Leitsatz (amtlich)
1. Steht fest, dass der Kläger unfallbedingt eine HWS-Verletzung erlitten hat, ist die streitige Frage, ob der Unfall auch für den diagnostizierten Bandscheibenvorfall ursächlich ist, nach § 287 ZPO zu beurteilen.
2. Die nach § 287 ZPO erforderliche erhebliche Wahrscheinlichkeit der Unfallursächlichkeit der Verletzung kann dann nicht festgestellt werden, wenn die ernsthafte Möglichkeit besteht, dass sich die Beschwerden schicksalhaft entwickelt haben; in einem solchen Fall reicht allein die zeitliche Nähe zwischen Unfall und Entstehung der Beschwerden nicht aus.
3. Das Gericht ist nicht gehalten, auf Antrag des Klägers dessen behandelnde Ärzte als sachverständige Zeugen über die Unfallursächlichkeit der Beschwerden zu hören, wenn der Kläger nicht darlegt, diese hätten insoweit objektivierbare Befunde erhoben.
Verfahrensgang
LG Berlin (Aktenzeichen 17 O 365/06) |
Tenor
Der Senat beabsichtigt, die Berufung nach § 522 Abs. 2 Satz 1 ZPO durch Beschluss zurückzuweisen.
Gründe
I. Der Kläger macht gegenüber den Beklagten weitere Ansprüche aus einem Verkehrsunfall vom 10.7.2003 auf der Kreuzung Simon-Bolivar-Straße/Küstriner Straße in Berlin-Lichtenberg geltend. Es ist zwischen den Parteien unstreitig, dass die Beklagte zu 1) den Unfall allein verursacht hat. Dementsprechend ersetzte die Beklagte zu 2), bei der das Fahrzeug der Beklagten zu 1) haftpflichtversichert war, den dem Kläger durch den Unfall entstandenen materiellen Schaden und zahlte ein Schmerzensgeld i.H.v. 500 EUR.

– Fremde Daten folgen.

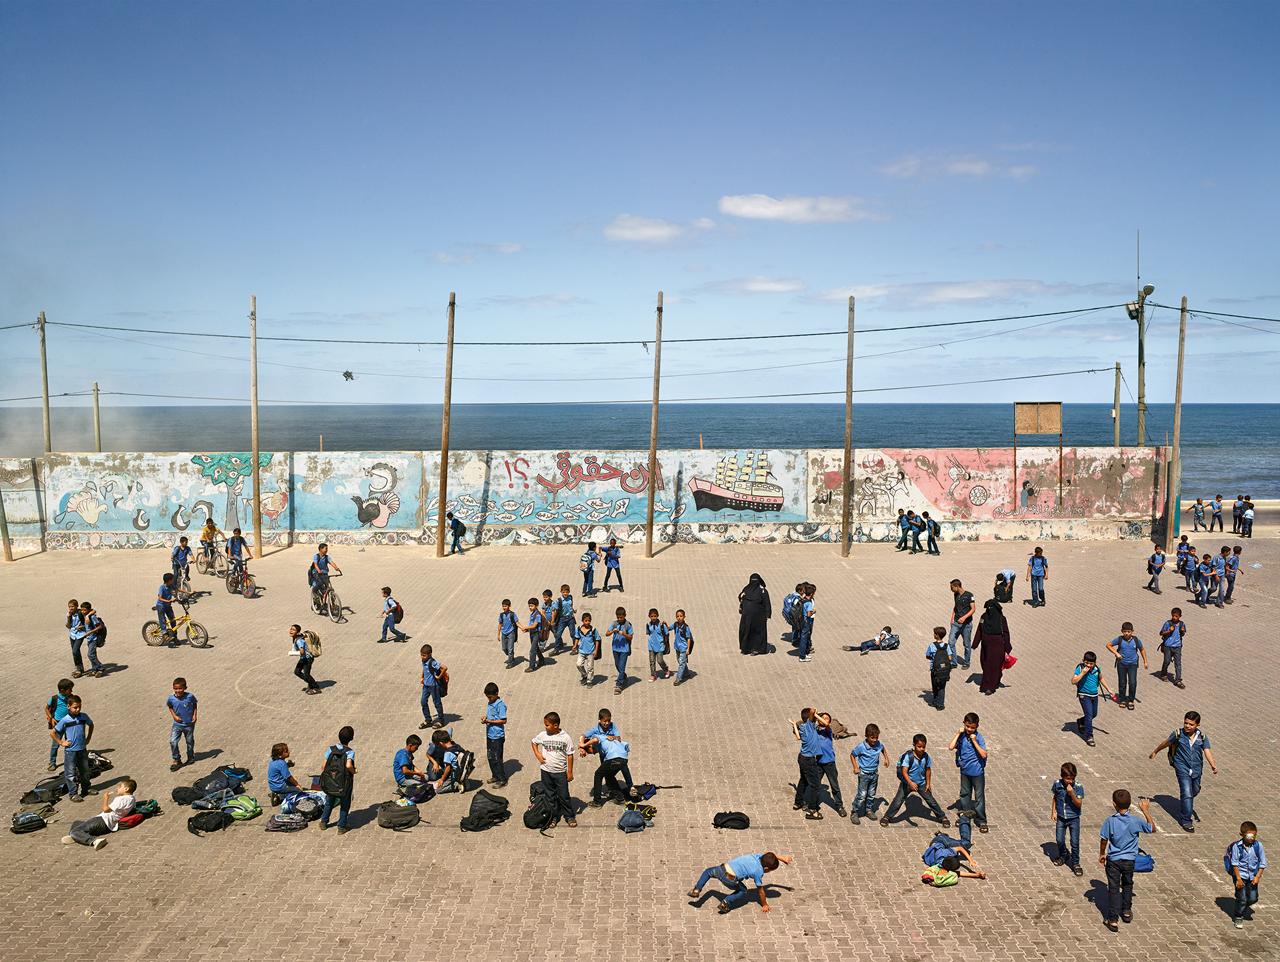 JAMES MOLLISON,  Deir al-Balah Boys' Elementary, Middle Area, Gaza,  September 16, 2013

Der Kläger begehrt ein weiteres Schmerzensgeld, dessen Höhe er mit 2.100 EUR für angemessen erachtet, den Ersatz vorprozessualer Anwaltskosten, den Ersatz von Aufwendungen für Computerakkupunktur i.H.v. 450 EUR sowie die Feststellung der Einstandspflicht der Beklagten für zukünftige materielle und immaterielle Schäden des Klägers aus dem streitgegenständlichen Unfall. Er behauptet, der bei ihm im Jahr 2004 diagnostizierte Bandscheibenvorfall im Bereich der Halswirbelsäule C5/C6 sei auf den Unfall zurückzuführen.
Das LG hat die Klage nach Beweisaufnahme (Einholung eines Gutachtens des Sachverständigen Prof. Dr. W) abgewiesen und zur Begründung im Wesentlichen ausgeführt, dass der Kläger durch den Unfall allenfalls so leicht verletzt worden sei, dass das von der Beklagten zu 2) gezahlte Schmerzensgeld ausreichend sei. Nach dem Gutachten des Sachverständigen Prof. Dr. W habe der Kläger durch den Verkehrsunfall weder eine Bandscheibenruptur noch eine HWS-Distorsion erlitten.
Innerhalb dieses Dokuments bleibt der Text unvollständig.